A few months ago, I wrote a paper for my Canadian Law class about the specific issue brewing in Saskatchewan. In that paper, I discussed the concepts of "lists" of marriage commissioners in depth. I stated that "this policy establishes a separate but equal policy in civil marriage law. The State would essentially be saying, yes, homosexual marriages are equal to heterosexual marriages, but heterosexuals can choose between 100% of marriage commissioners, while same-sex couples are relegated to the back of the bus ‘list’ of commissioners." That is in fact what Ontario's method does, it regulates gay and lesbians to an unequal distribution of civil resources. This alone means that it is discrimination based upon sexual orientation, which in the Egan decision, the Supreme Court of Canada found was unconstitutional.Unlike in Saskatchewan, where couples contact a marriage commissioner directly via a database, Ontario’s single-entry point approach requires that couples deal with a central unit. In such a system — which the court warned might also fail a full constitutional test — a commissioner who does not wish to perform same-sex marriages could make that known to the central office, which could in turn consider that when giving a couple a list of available commissioners.A random sample of Saskatchewan commissioners revealed hesitant support for such a two-tiered approach, though one commissioner, who asked not to be named, questioned whether it amounts to government-sanctioned discrimination. Several com missioners also said provincial regulations prohibit religious references in their ceremonies — which, one woman said, weakens any argument about a commissioner’s attachment to their freedom of beliefs.

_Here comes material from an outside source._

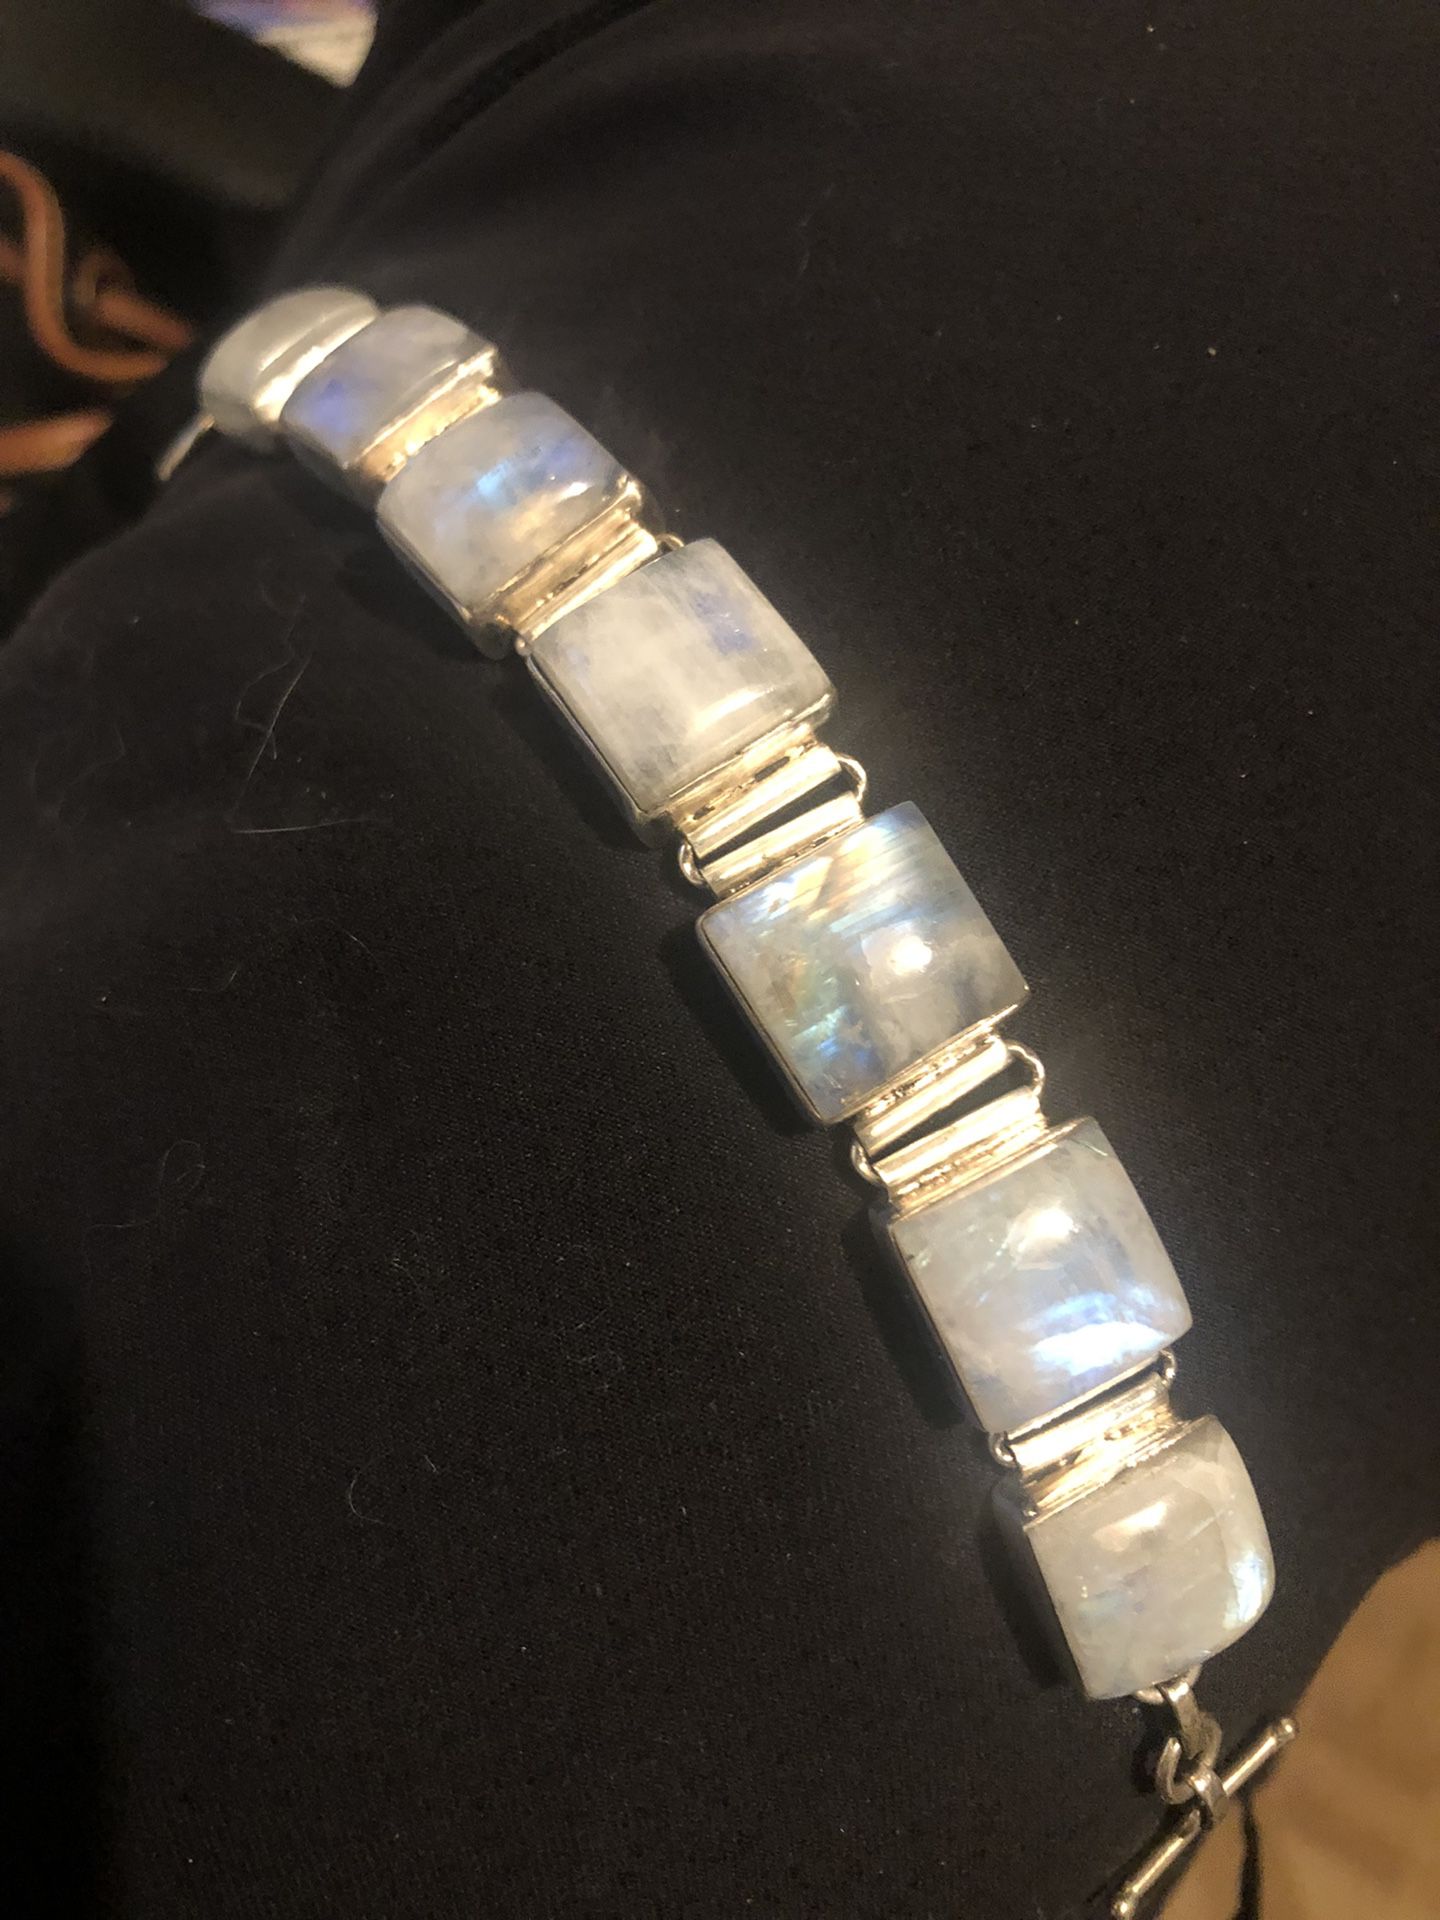 Sterling Silver Moonstone Bracelet

Not only would this "list" policy give rise to this unequal distribution of the law and taxpayer money, it also gives governmental legitimacy for these commissioners beliefs. It is saying to these gay and lesbian couples - no matter if they blatantly see it like they did in Saskatchewan or if they don't like in Ontario- that the government is ok with allowing others to ride roughshod over your rights if they can provide a good reason. What is the impact to gays and lesbians because of this "legitimacy"? It is a statement by government once again that our relationships are worth less than heterosexual ones.
Lastly, I would also question in general a commissioner who declined to marry a gay and lesbian couple on how consistent they are with the application of their beliefs. For we must ask ourselves, have we seen such an uproar or accommodation when a religious civil marriage official was required to marry someone who has been divorced, been of two different faiths, or even because they engaged in pre-marital sex, all examples of which a religious marriage official would necessarily take issue with. Could it not be that those who are objecting on this one issue, instead of others, are not doing so because of their religious views, but instead because they have issue with same-sex marriage in general? Instead of being consistent in their religious based refusals, could they not be using their religion as a cover to validate their own beliefs on the validity of same-sex unions?
It is for these reasons that when I saw how the system works in Ontario, I was very disappointed. Not only does Ontario's method relegate same-sex couples to a "back of the bus" list, but it also gives governmental legitimacy to these discriminatory opinions. It allows these commissioners to use their religion as a reason to not perform their job duties. It is for these reasons that Ontario's method should be also found unconstitutional.